As we have seen, contemporary offices are changing fast. The demands of a changing technological landscape are leading to necessary re-considerations of today's workspaces. The old picture of tens of rows and columns of worker bees attendant to individual tasks is fading away. This stems from the fact that work as we know it is being redefined. How has this happened?
The major shift in American industry was the emergence of neo-liberalism in the 1980s. Manufacturing was sent off to foreign shores and so jobs related to the administration of these other jobs exploded. As such, the cubicle proliferated. The general configuration of offices did not change, despite the fact that work itself had turned into something else. A more fundamental change would be necessary to force modern workplaces to reconsider the standard set up.

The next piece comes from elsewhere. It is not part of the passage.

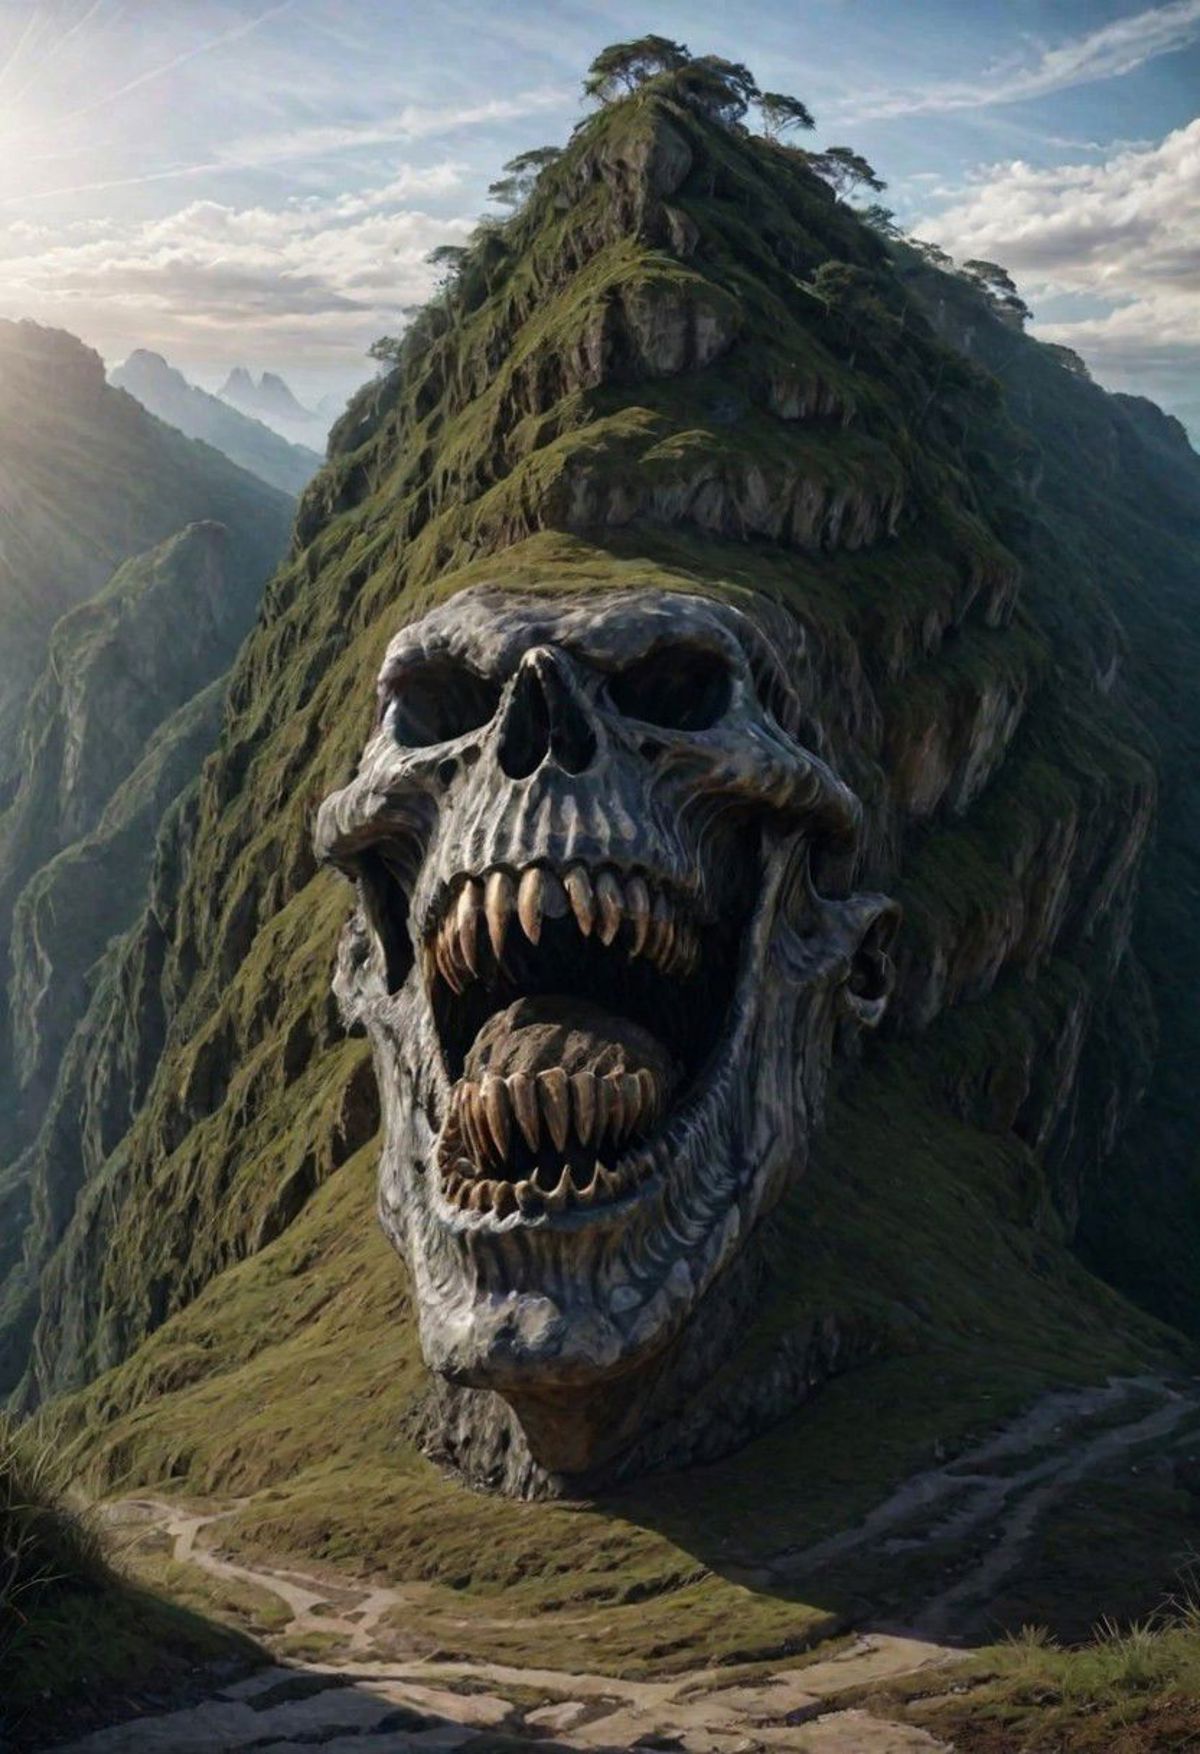 Large Skull with Teeth and Grinning Mouth on a Mountain Side
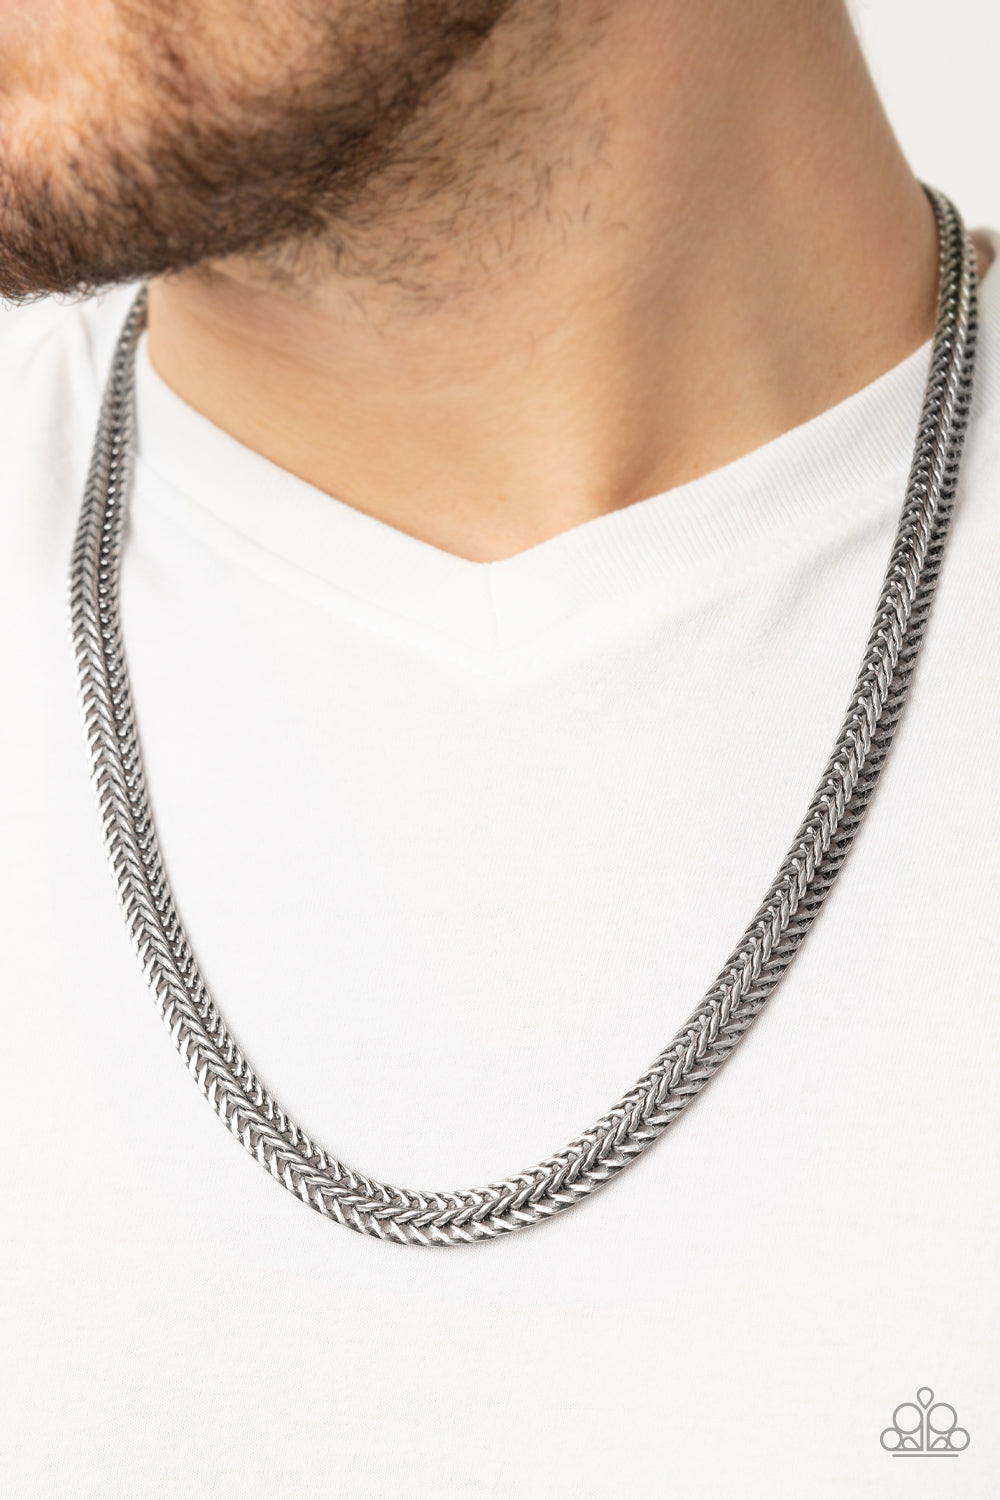 - Modern Paparazzi Sugar Necklace – and Motorhead Bee Chain Accessories Urban Jewelry Silver - Bling

As boring as it is to say that the Internet changed everything; the Internet changed everything. More than just a technological novelty, the World Wide Web has elementally changed the way members of our society interact. Logically, this has meant major differences in the ways that co-workers interact with each other as well. The work of each individual employee depends, now to a much greater level, on the work of many other employees. In turn, modern office furniture is finding new ways to encapsulate this new level of interdependency.
In a report from Forbes Magazine, we learn that 20% of American workers consistently work from home. They note that this number will increase by more than 60% in the next half decade. If working outside of a traditional office space is common and only becoming more common, doesn't this spell the end of the conventional office? Not quite. Even though technology has rendered much of the tedious back and forth of workplace interactions, there is still no substitute for face-to-face interaction. If your company is foward thinking, then your best bet is to buy from a similarily innovative company, like Inracks Corp or just click here.
However, not all industries have been so changed by the Internet. Some companies cannot undertake greater collaboration, just by the nature of their work. Take control room furniture, for instance, is just one such industrial category. The corporations that keep this sector afloat are often companies that cannot abide greater employee collaboration. One commentator observed, "the office is no longer defined by a particular space or furniture." And while this is mostly true, there are certain areas of American industry that resist this notion.